What you are asked to do:
The expected answer is the full listing, repeated exactly and free of images.

Dataset section:
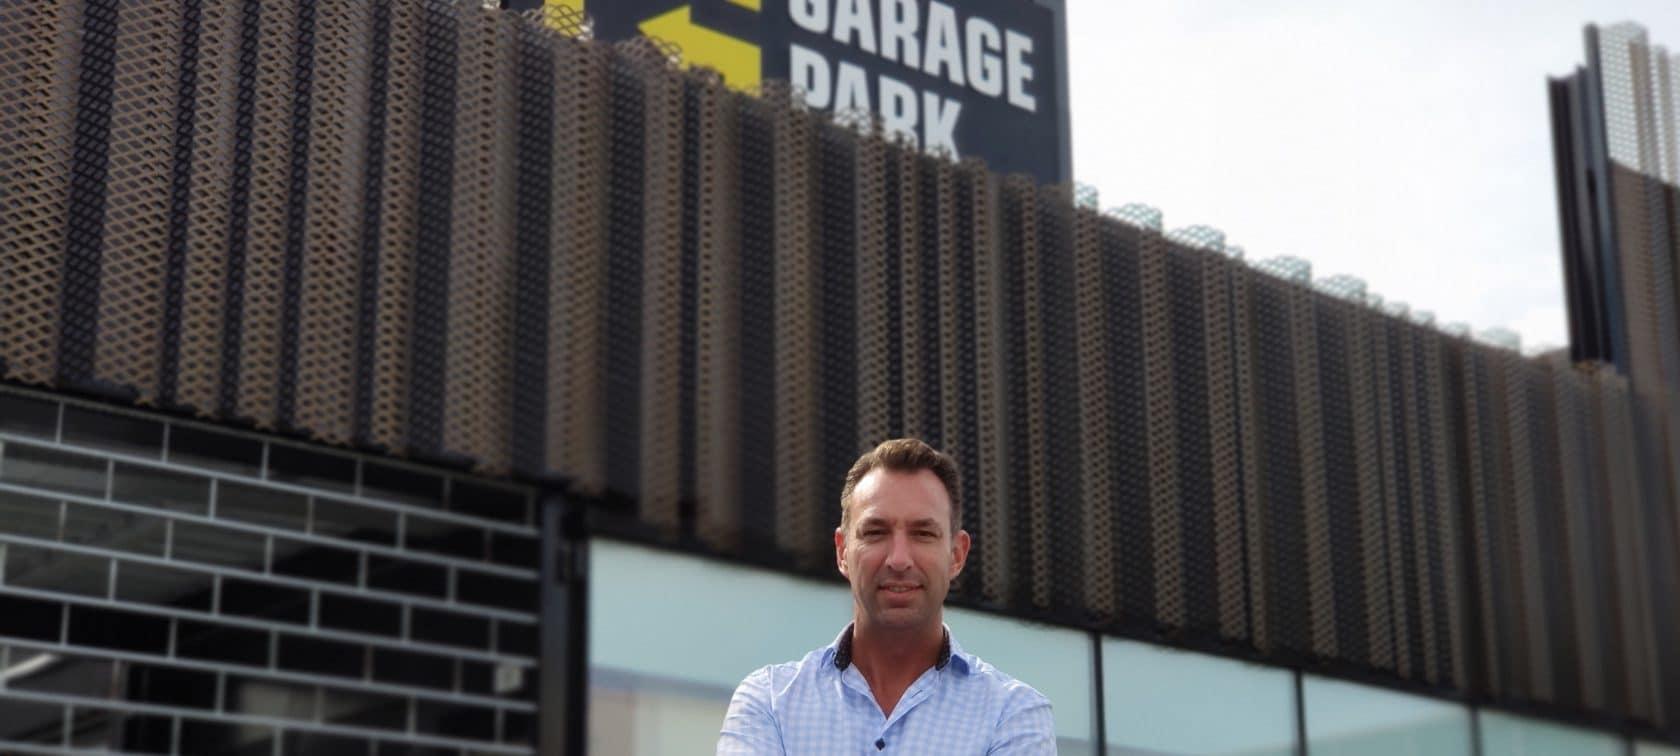 Frank Rohlhof - GaragePark
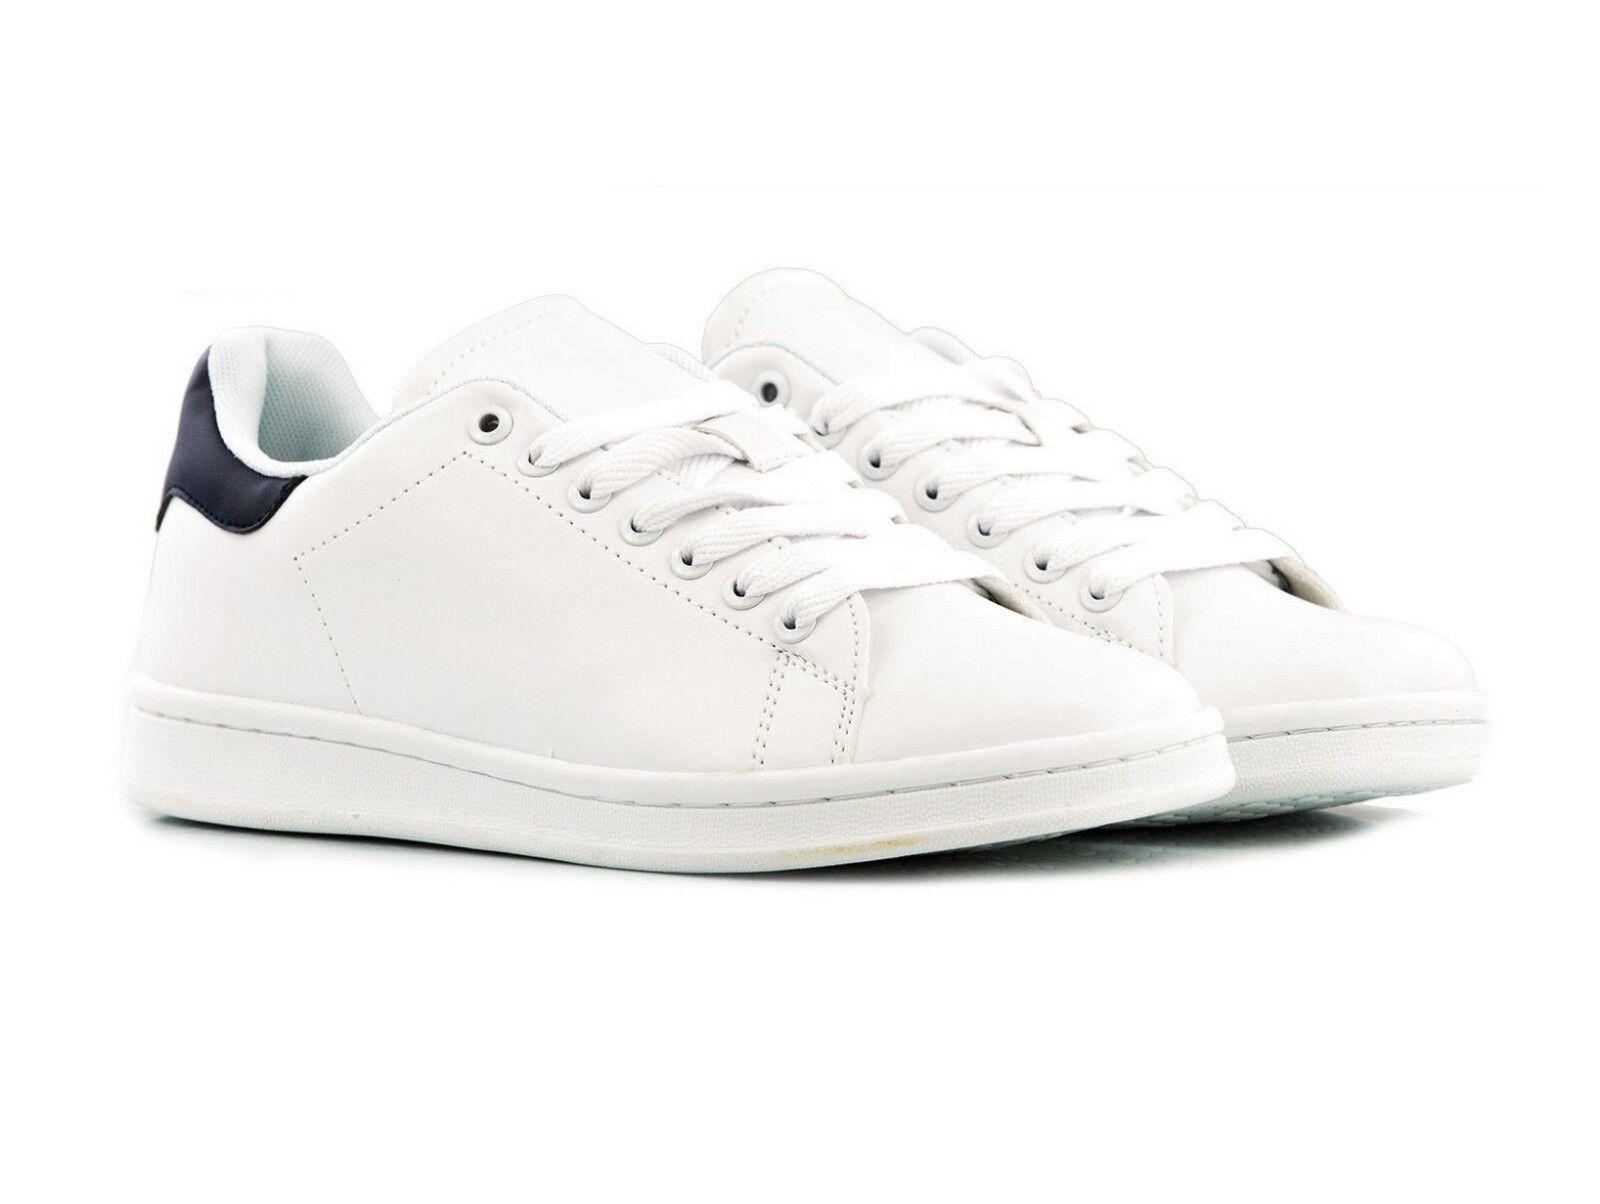 Adidas Stan Smith PK Pelle Scarpe ginnastica 7718 | Acquisti
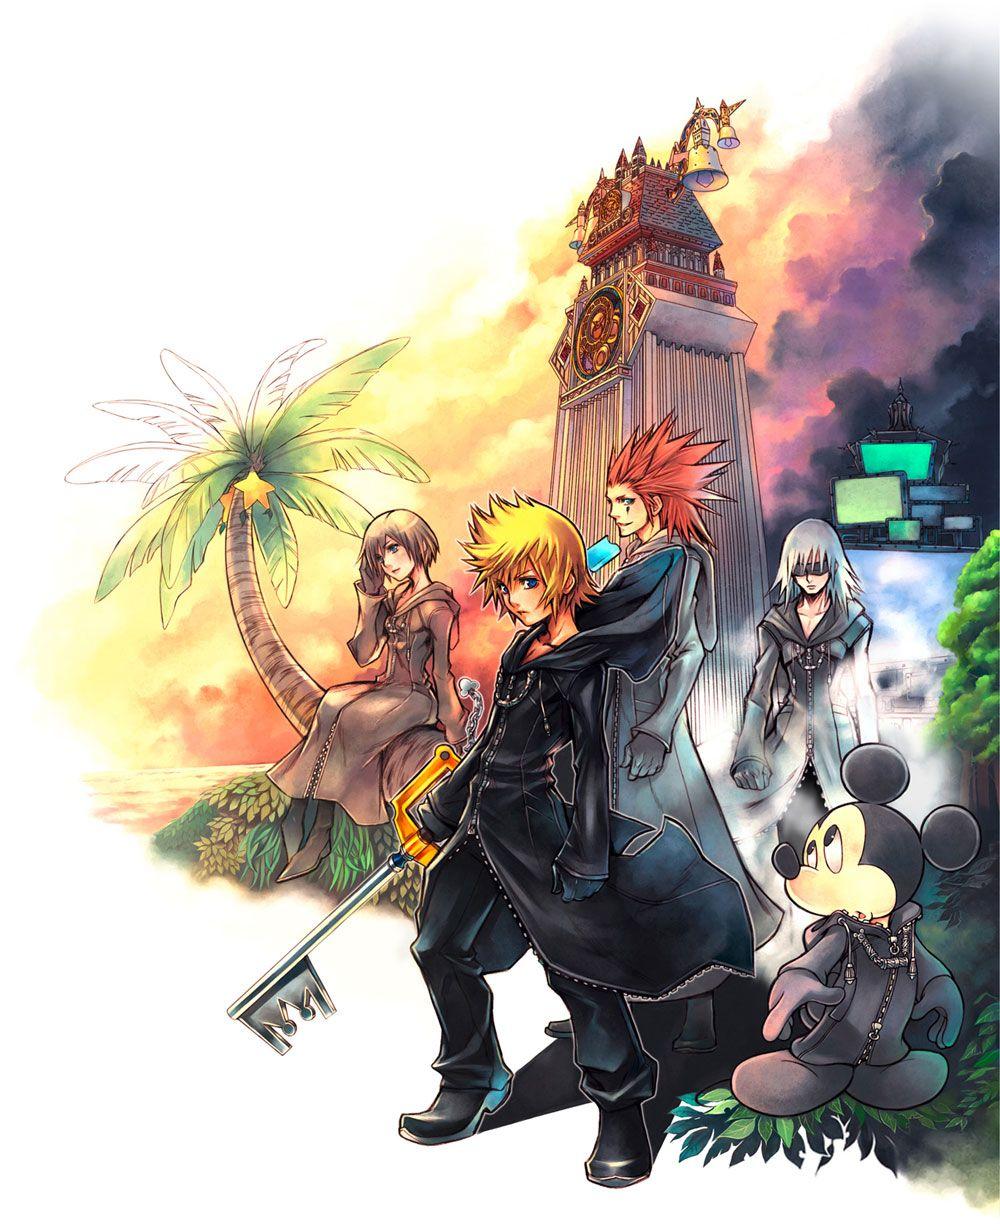 Kingdom Manga Next Release: Kingdom Hearts 358/2 Days - Main Illustration
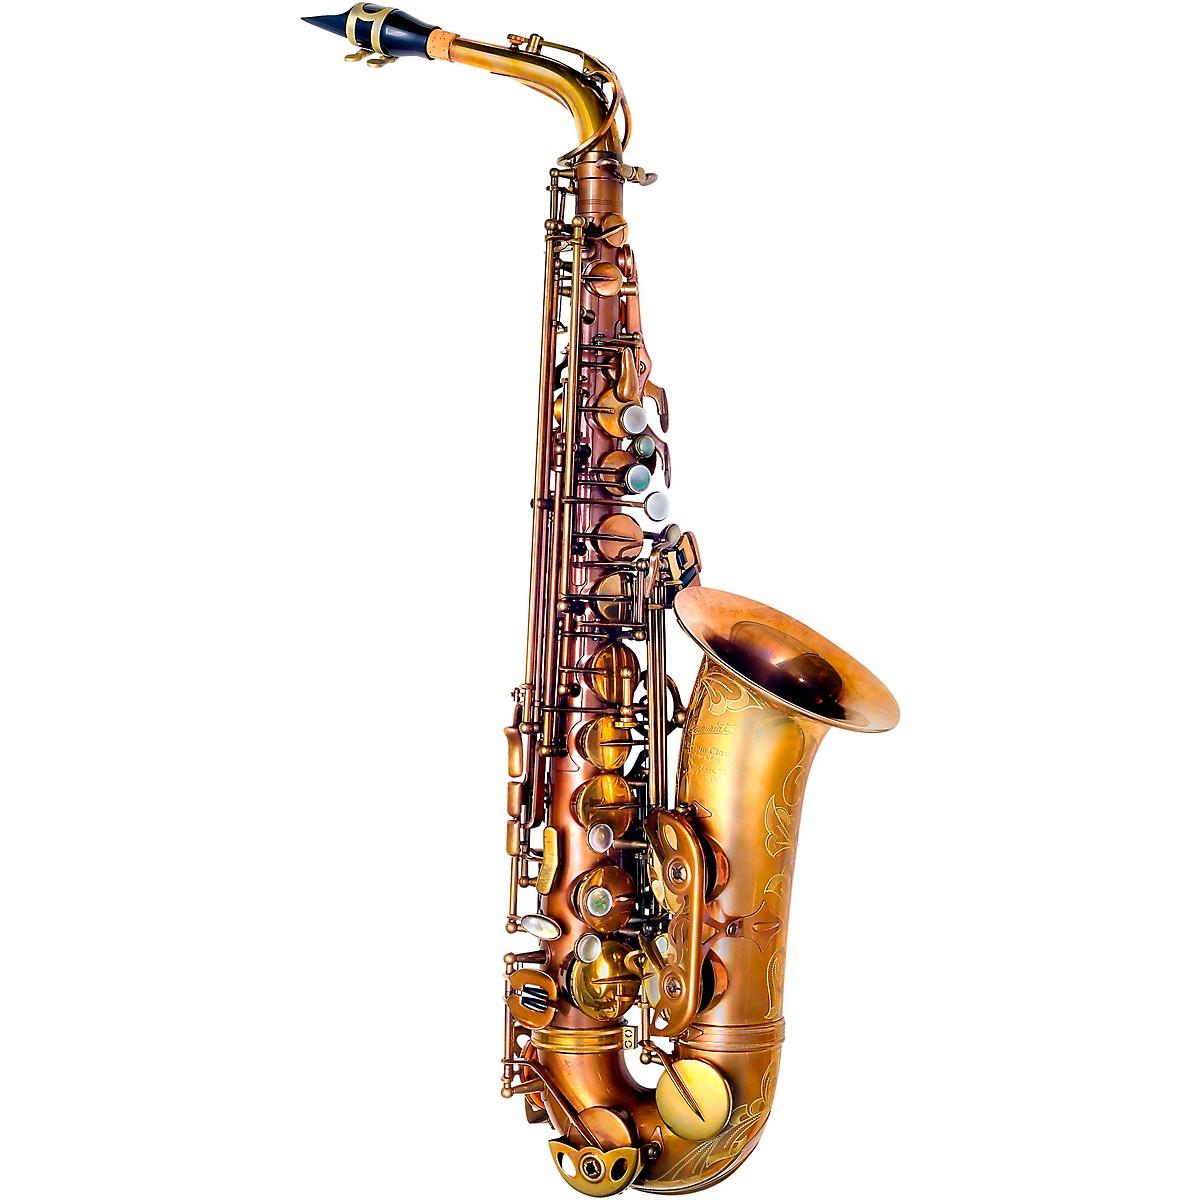 P. Mauriat System 76 Professional Alto Saxophone

Response to this task:
 Frank Rohlhof - GaragePark
 Adidas Stan Smith PK Pelle Scarpe ginnastica 7718 | Acquisti
 Kingdom Manga Next Release: Kingdom Hearts 358/2 Days - Main Illustration
 P. Mauriat System 76 Professional Alto Saxophone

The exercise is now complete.